TL:DR: Moats are built on scarcity. When technology democratises these moats, what was once scarce becomes abundant and legacy moats start shattering.
New points of scarcity must be discovered to construct new moats.
More and more, the new scarcity will be invisible and intangible- meaning, value, and differentiation. But marketers continue to optimise only the visible – dashboards, metrics, algorithms. That’s why they believe the market is overcompeted. When in reality, the market is understrategised.
Content
- The four horsemen and covid disrupted the industrial-age playbook and created the D2C industry
- A D2C industry performance review would look like a VC portfolio bell curve
- India is not over competed.
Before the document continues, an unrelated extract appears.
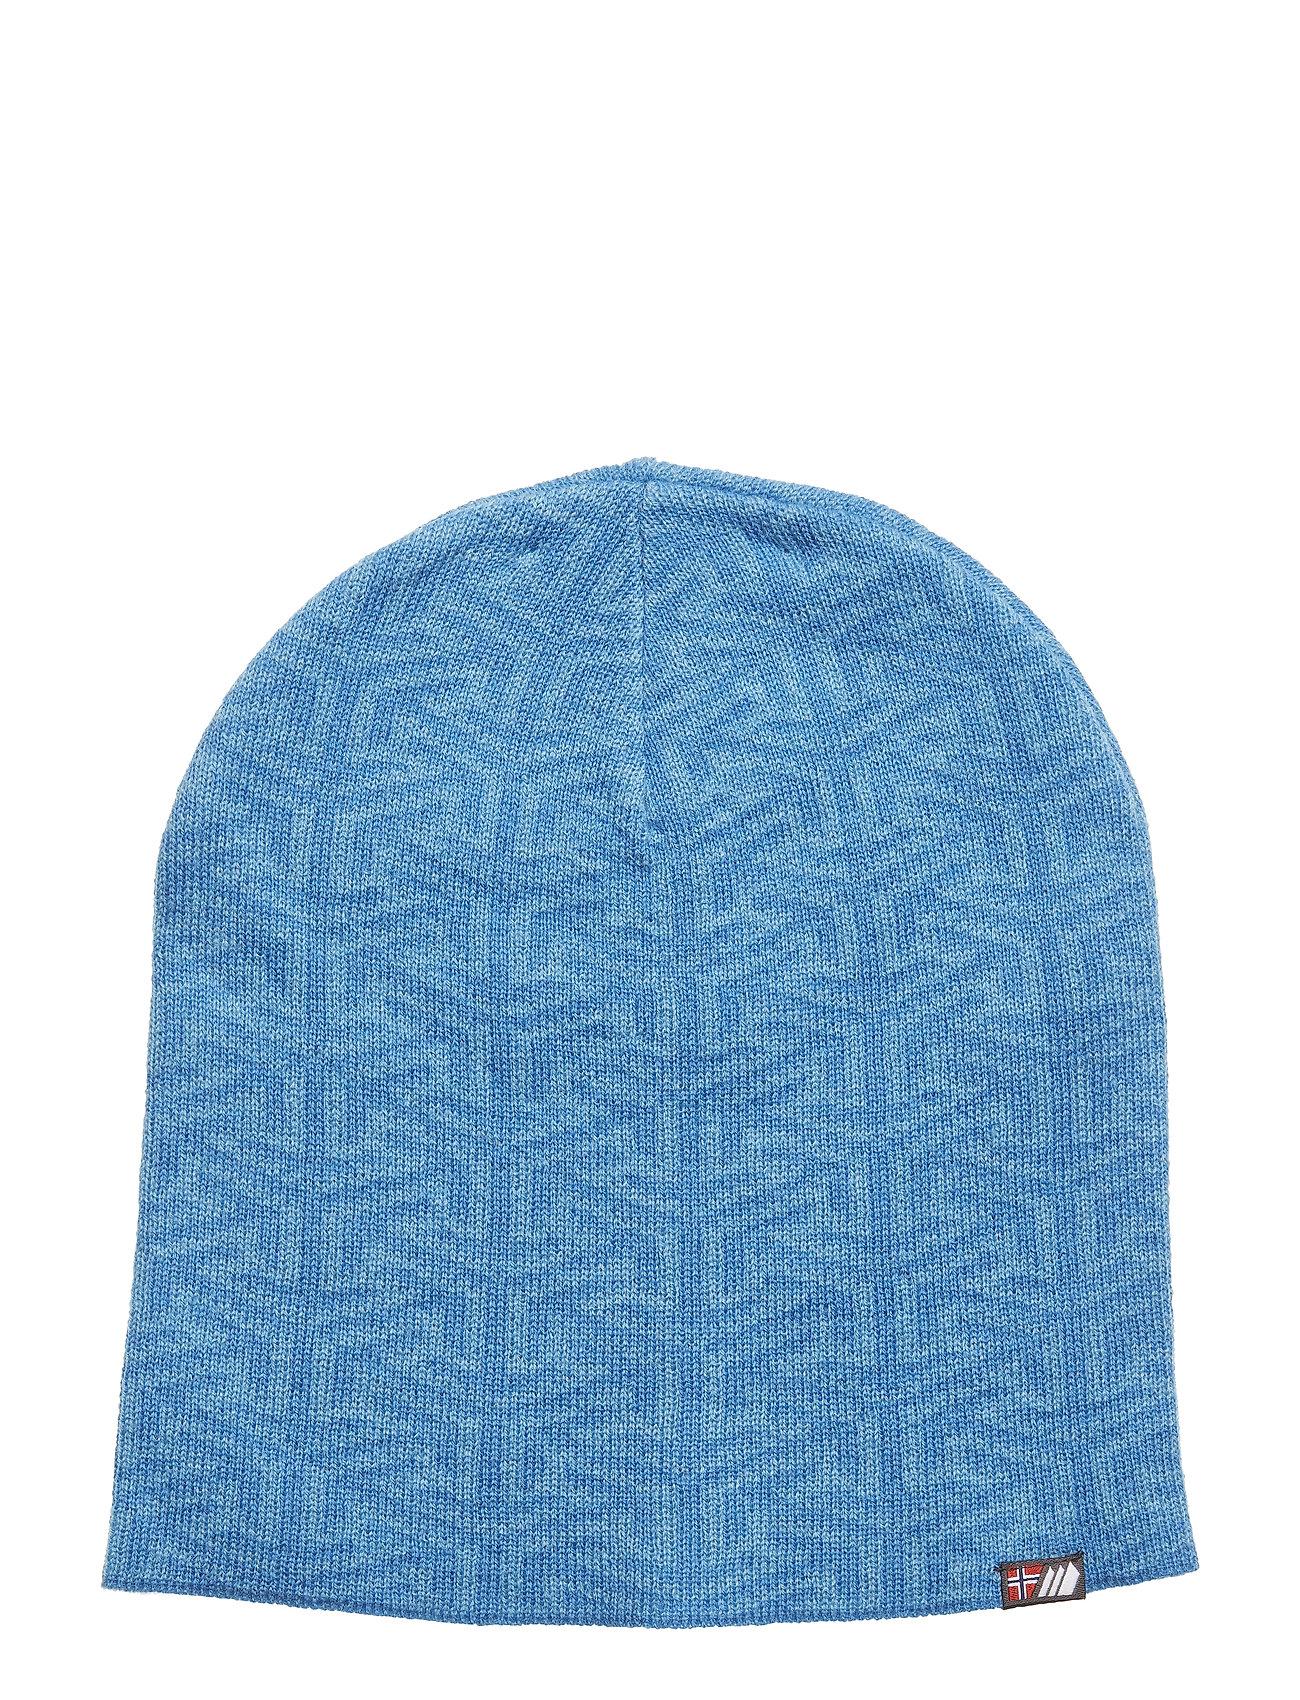 Image of Maradalen Knitted Hat Hat Blå SKOGSTAD (3075041281)

It’s under strategised.
- We’re in the age of abundance.
- In the age of abundance, new moats based on new vectors of scarcity must be erected
- Crafting moats based on intangibles is hard. It is easier to manage algorithms and tangible metrics and to keep telling ourselves they are moats
- Five questions to get strategic clarity
The four horsemen and covid disrupted the industrial-age playbook and created the D2C industry
For almost a century, the Great Indian FMCG industry™ has been running the industrial-age playbook – mass sourcing, mass production, mass logistics, mass distribution, and mass marketing through TV.
Industrial-era playbook
Supply side
Mass Sourcing (purchase raw material in bulk) → Mass Production (huge invested capacity in a factory network) → Mass Logistics (factory to warehouse to distributor to wholesaler to kirana) →
Demand side
→ Mass Last-Mile Distribution (kirana to consumer) → Mass Demand Creation (TV ads stream right into consumers’ homes)
Enter the four horsemen of technology:
- Digital demand creation – social media, YouTube
- Digital mobile and 4G – Jio
- Digital distribution and last mile logistics – Flipkart, Amazon, Meesho, Big Basket
- Digital payments – PayTM, Google Pay, PhonePe, Amazon Pay
They disrupted parts of the playbook by digitising distribution, logistics, and demand creation.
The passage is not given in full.